Laurent Amelot, Research Fellow at the Thomas More Institute

November 2021 • Note 53 •


A new mental map of global maritime Asia, the Indo-Pacific represents the geopolitical framework for the US and its local partners to pursue a regional strategy for a free and open world in response to the rise of Communist China 

The Indo-Pacific aspires to become an economic and strategic corridor between the eponymous oceans, with the Strait of Malacca at its junction with India playing a prominent role in the US-led regional security architecture. But the most important manoeuvres are taking place in the Indian Ocean, considered as a central ocean by the People’s Republic of China. By contrast, Japan and India both perceive it as a strategic ocean. Through massive investment in the Indian Ocean, mainland China is striving to become a resident power in that part of the world.

The « 21st Century New Maritime Silk Road » paves the way for a new chapter in the domination of the Indian Ocean by extra-regional powers: Communist China is the avowed candidate to succeed the US  

It is a major power at sea. Its national flagship enterprises dominate the global maritime economy.

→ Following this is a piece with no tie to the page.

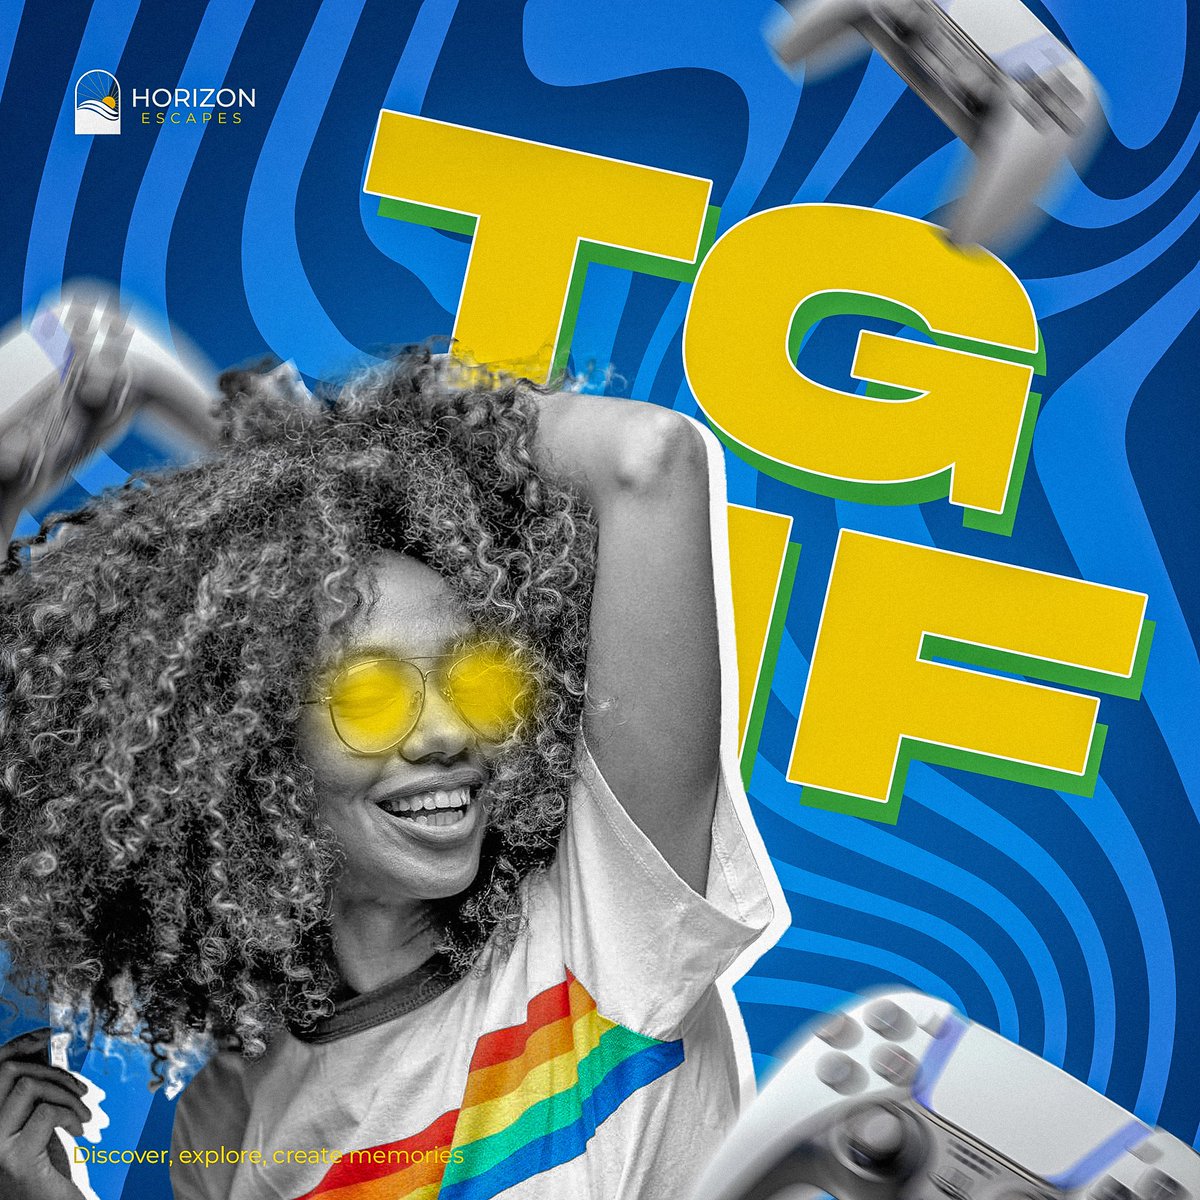 DAY 3: TGIF 

#30dayschallenge #GraphicDesign #TGIF

All along the « 21st Century New Silk Road” they are making large-scale infrastructure investments. Port facilities are the dominant vehicle for their expansion in the Indian Ocean. The networks China is building could enable it to reshape the regional maritime order and outline a possible new geography of maritime transport determined by Chinese operators whose motivations are anything but a-geopolitical.

The « Asia-Africa Growth Corridor », a catalyst for failed Western initiatives, remains the most credible alternative to the « 21st Century New Maritime Silk Road »

Japan and India, keen to revive the ancient maritime routes between Africa and Asia, are making this initiative the sword arm of their « Strategy for a Free and Open Indo-Pacific”. The United States and Australia back this initiative. Framed in a spirit of collaboration, this corridor proposes the construction of quality infrastructures, adapted to the needs of the recipient countries, with tailor-made financing and respect for business ethics, the polar opposite of Communist China’s way of building its influence, via infrastructures, in the Indian Ocean and beyond.

Recommendations

Faced with the prospect of seeing Communist China transform the Indian Ocean into a testing ground for Sino-globalisation at sea, the Thomas More Institute proposes a six-step action plan:

Asserting the pre-eminence of the international liberal order, reiterating core values;

Revitalising strategies for a free and open Indo-Pacific, repositioning the cursor on support for development;

Reorienting the Quad, steering initiatives through a reinforced infrastructure pool;

Promoting regional infrastructure initiatives, reviving the “Blue Dot Network” to bolster the « Asia-Africa Growth Corridor »;

Building a monitoring system, supervising Chinese infrastructure operations;

Supporting Taiwan’s infrastructural endeavours, coordinating them under the Quad’s guidance.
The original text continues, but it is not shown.